When the French magazine ran photos of the Duchess of Cambridge, Kate Middleton, appearing topless violated the strict French privacy laws, speculating to have taken the risk to increase sales, experts say, according to the Guardian.
French privacy laws are considered to be amongst the strictest in the world, protecting high profile individuals, with top politicians constantly using courts to block the publication of scandalous photos that would be considered harmless by the standards of other countries tabloids.
Thomas Roussineau, a specialist in privacy law, says the French publication Closer had without a doubt violated their country’s privacy laws by publishing images of Middleton on holiday in the South of France.
"It is totally forbidden," he said. "The castle is not the street, it is in a private place, and they are intimate pictures."
But he was very clear that the publication has considered the potential cost of a fine versus the financial gain the topless photos of the duchess would generate for them.
"They will have a big revenue, and the amount of the sentence will not equal the revenue they will make, it will be a very small part of the revenue they will have from these pictures," Roussineau explained.
The magazine’s editor-in-chief stood behind her decision to run the photos. Laurence Pieau spoke of the photos as a “beautiful series” that displayed the royal couple in love, and were in no manner degrading.

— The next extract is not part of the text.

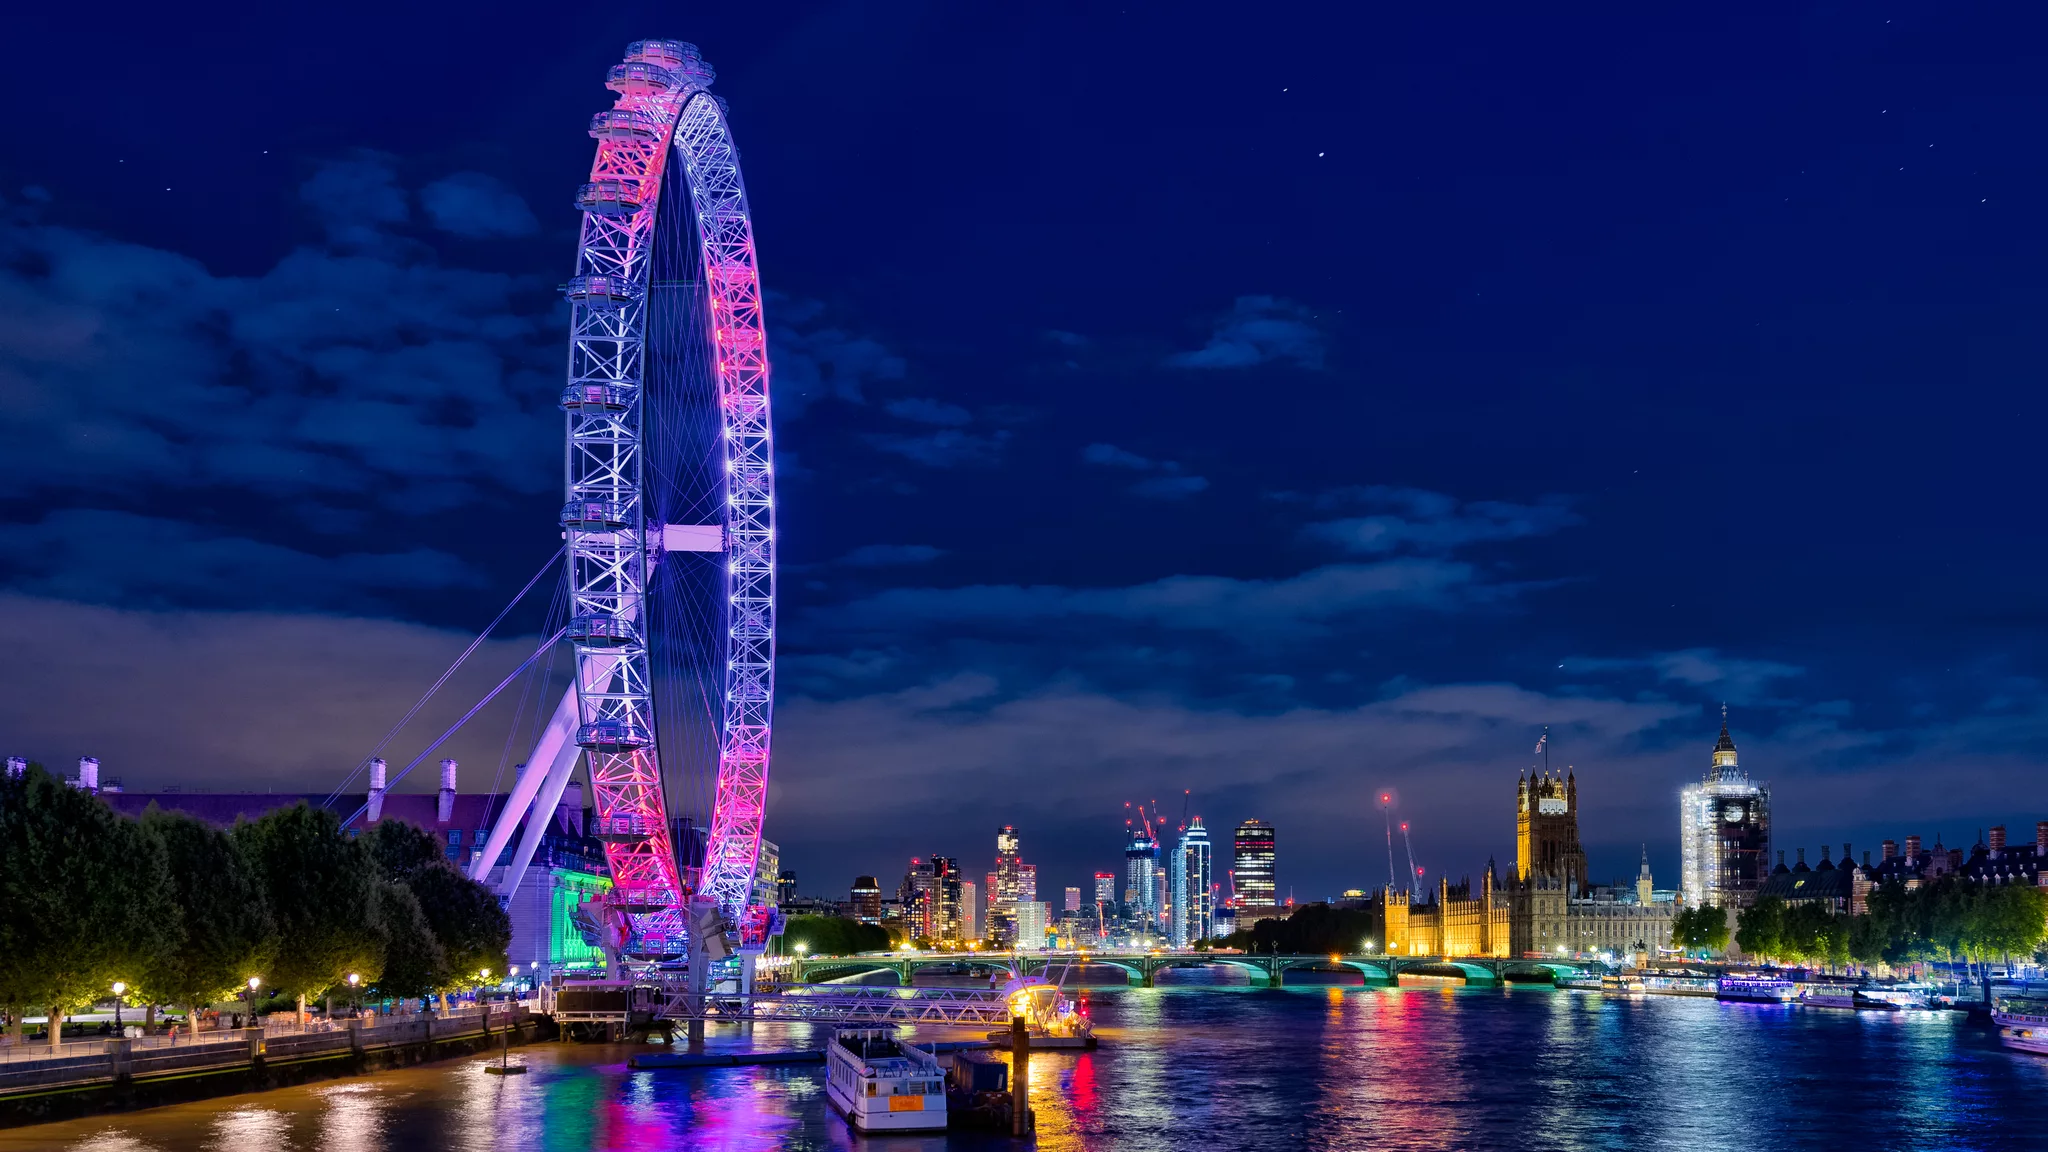 London Eye from Golden Jubilee Bridges, United Kingdom
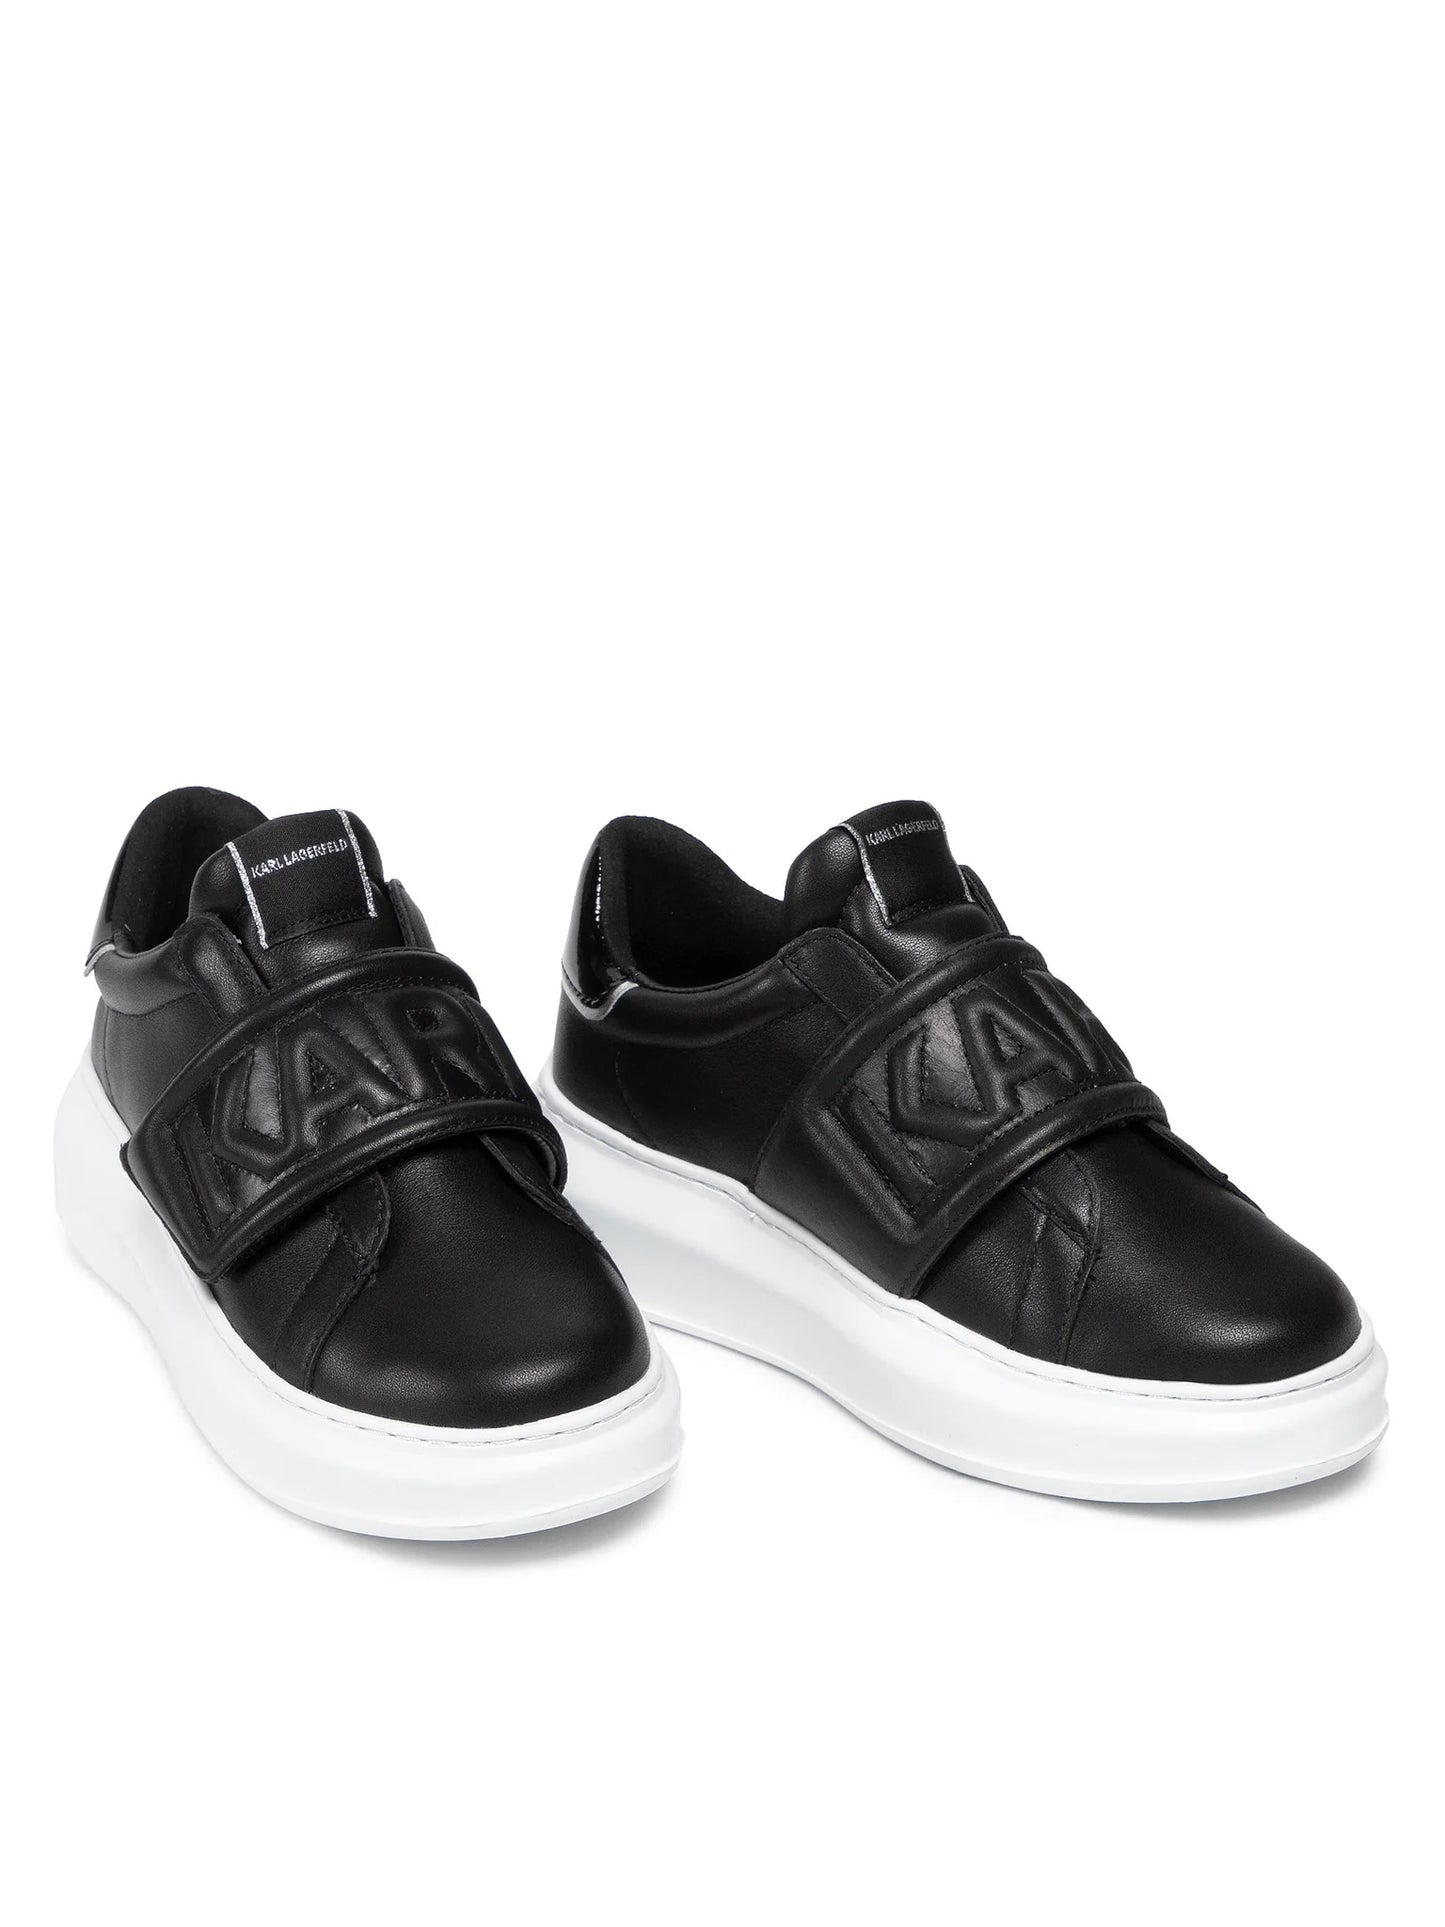 KARL LAGERFELD Sneakers KL62537 - Negru

Pieau added that they had more intimate photos from the series taken of them, but decided not to publish those, according to the Guardian.
"There's been an over-reaction to these photos,” she told French BFM television. “What we see is a young couple, who just got married, who are very much in love, who are splendid. She's a real 21st century princess. It's a young woman who is topless, the same as you can see on any beach in France or around the world."
Meanwhile, the U.K. edition of Closer has greatly distanced themselves from the French edition and confirmed they would never publish the photos.
They even issued their own public statement: "Closer magazine U.K. is published by Bauer Consumer Media. The French edition meanwhile is published under a license by a totally different company, an Italian business called Mondadori."